# NF Newsletter - August Edition



## baconbits (Jul 11, 2017)

​*Intro:*
Periodically we'll be releasing a forum newsletter to discuss the_ latest news_ and changes on NF. The goal with this is to open more channels of communication between the staff and the rest of the community.

Go to* Issue 1*→
Go to *official navigation*→​
*MAJOR SITE NEWS/CURRENTLY IN THE WORKS

Staff Consultants:*

@Ultimate Deathsaurer is piloting our program to grab some of you to help us with some specific tasks.  Special thanks to @Cherry for being the first to help out.
*XENFORO/MBXX RELATED NEWS*

Staff is discussing reorganizing our main page.  Expect more news on this shortly.
*SECTION NEWS*

*Akihabara News*

The Akihabara Library is hosting a survey to help determine the direction of this section.  Please chime in here and let us know your thoughts.  See @Aphrodite and @Xiammes for details.
*Naruto Avenue*

The third edition of the KL character popularity polls is drawing to a close (almost a year after it began!).
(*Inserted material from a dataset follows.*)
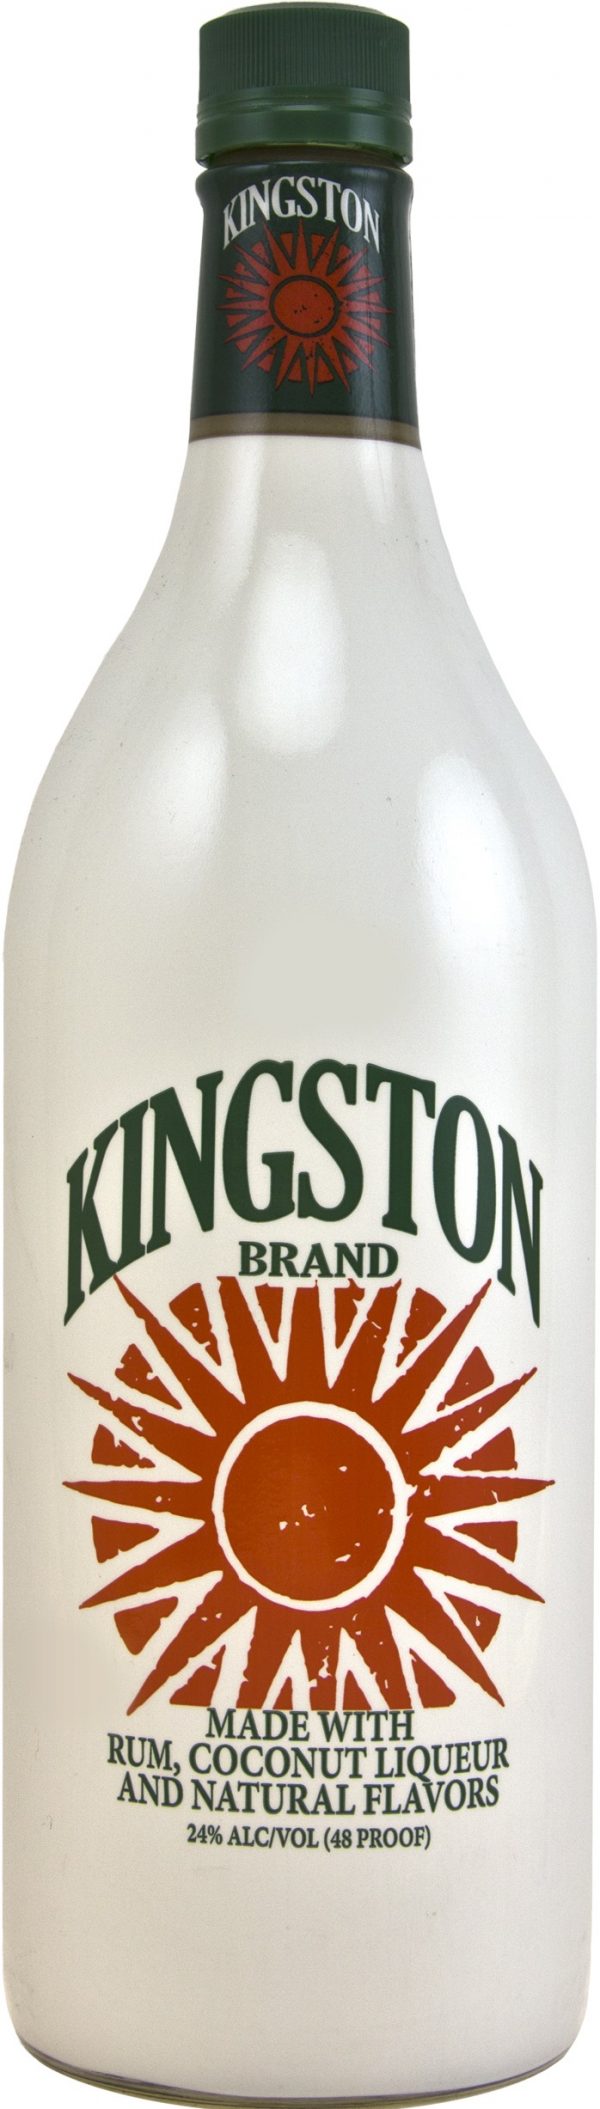 Zoom to enlarge the Kingston Coconut Rum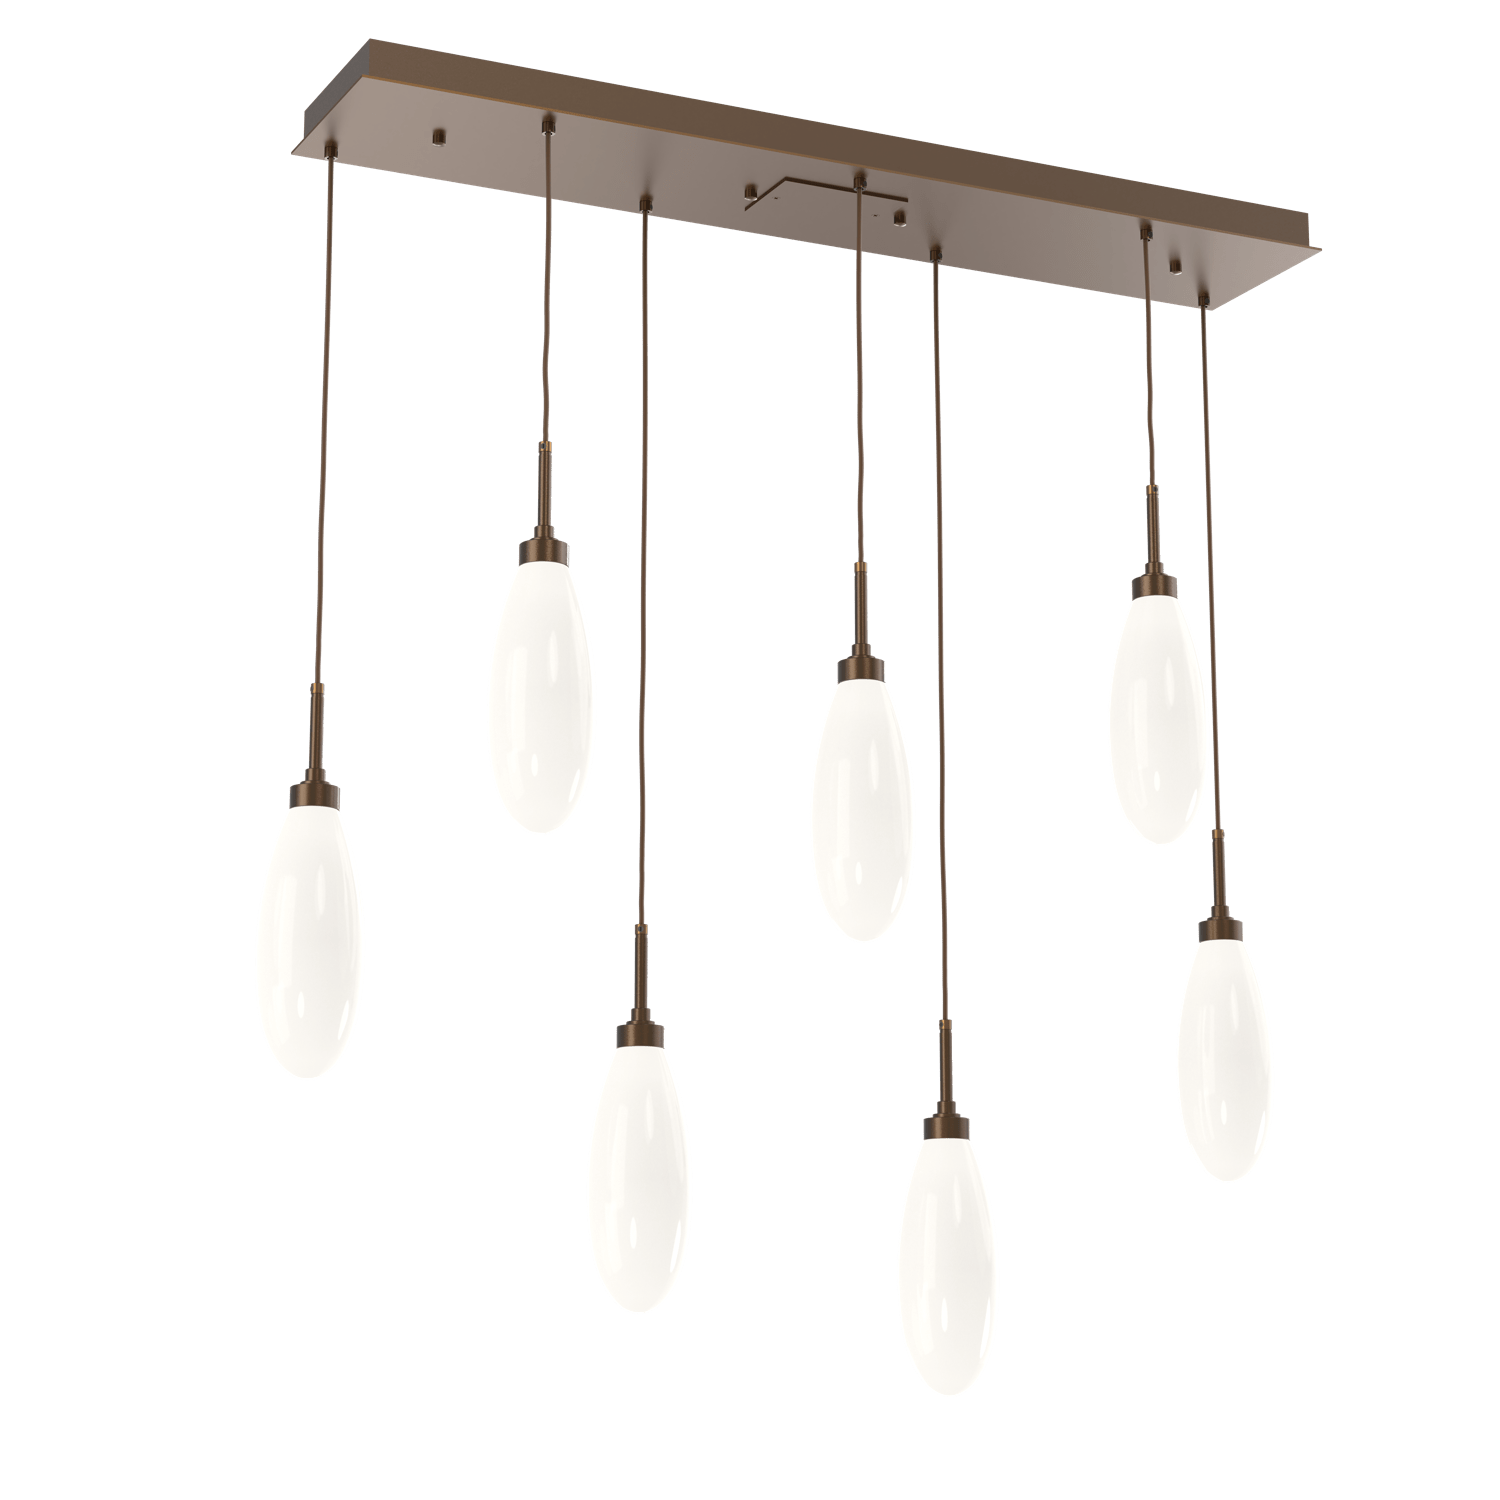 PLB0071-07-FB-WL-LL-Hammerton-Studio-Fiori-7-light-linear-pendant-chandelier-with-flat-bronze-finish-and-opal-white-glass-shades-and-LED-lamping

Vote in the new generation character polls while you still can!
@Cherry was promoted to temporary Helper Mod for Naruto Battledome to host the Great Debate redux. Find out more about the Great Debate by clicking here.
*Hidden Village of Art*

After its six months trial, the +18 section will be archived and its threads moved to the bathhouse.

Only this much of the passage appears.